Published by nataley under Bar stories Edit This

You know when you find yourself in the middle of two conversations about the same event? Maybe you don’t but in a town this small it happens quite frequently, and that goes double for me because I work at a local hangout. I hear all kinds of gossip and rumors and little snippets of conversation that make my jaw drop on a regular basis. Now, for the most part, I try to stay discrete when it comes to airing other people’s dirty laundry on the Internet. I change names when I can, and for the sanity of my friends I usually try not to talk about them in particular. This story, however I couldn’t keep to myself because it’s just too funny.

I don’t like to talk about bodily functions, but I’m making an exception because at the bar the other night, my friend (nameless and half intoxicated) comes out of the restroom looking a little fidgety, comes over to me and says “You know when you have to pee so bad that when you finally go, you’re so relaxed that you fart a little?”  I laughed so hard at her that I almost peed a little, so yes I can relate. She goes on to tell me that she committed the ultimate bathroom faux pas while the other stall was occupied and was so embarrassed that she booked out of there and forgot her cocktail beside the sink.

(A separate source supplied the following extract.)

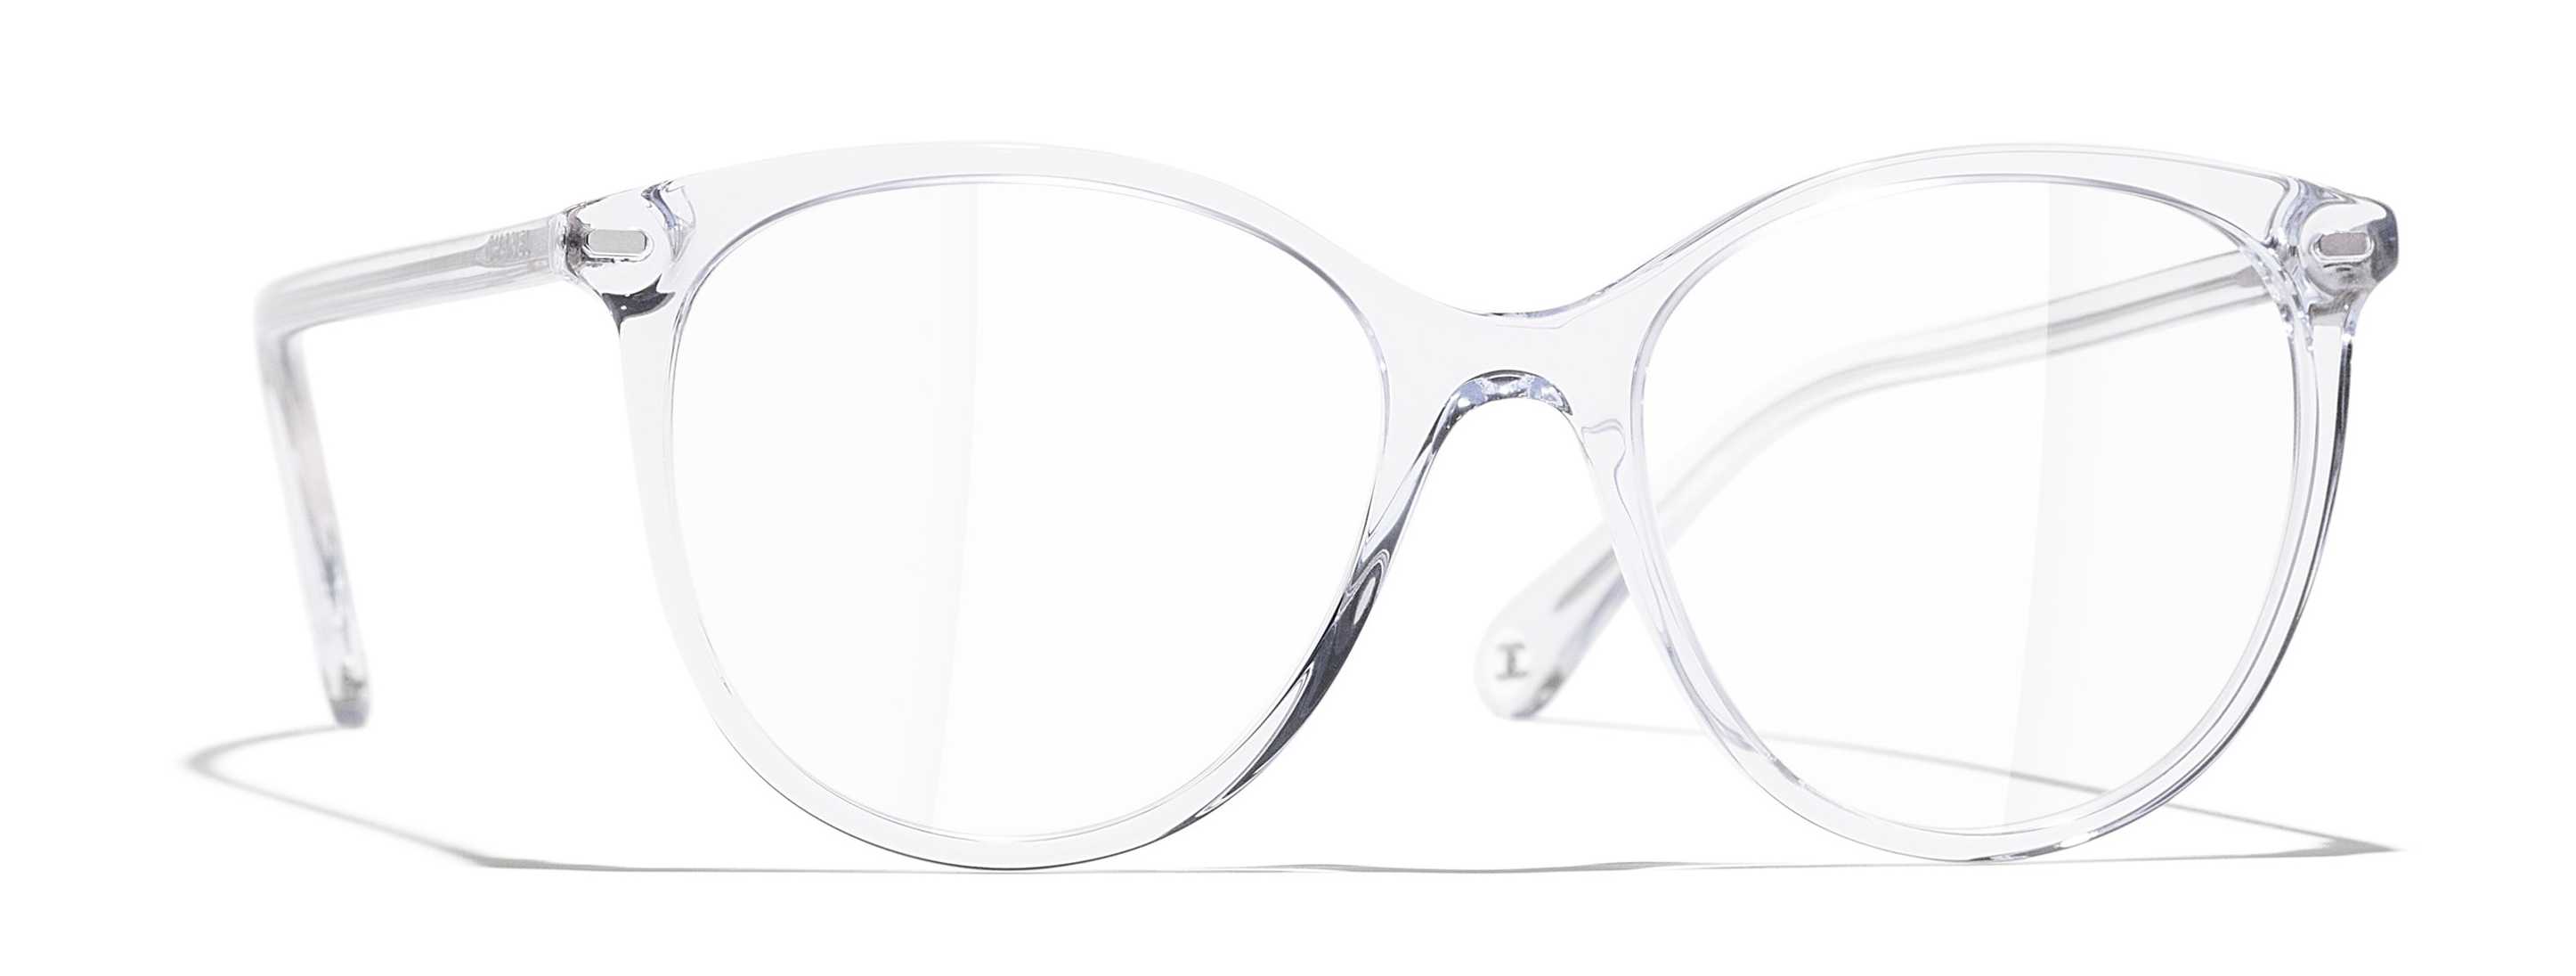 Eyeglasses CHANEL CH 3412 C660 53/17 Woman Transparent Pantos Full Frame  Glasses trendy 53mmx17mm 269$CA

I started making a new bev, while reassuring my friend that the other girl probably didn’t even hear it and definitely wouldn’t recognize her anyway and not to worry. Just then a couple of gals came up to order and while I was getting their drinks I overhear them giggling about some girl passing you-know-what in the restroom and leaving her drink on the counter. The gist of the conversation was that they were trying to figure out who it was by comparing the type of cocktail different ladies were drinking to the one they found at the scene. Holy crap. My friend turned about as red as the drink she left behind.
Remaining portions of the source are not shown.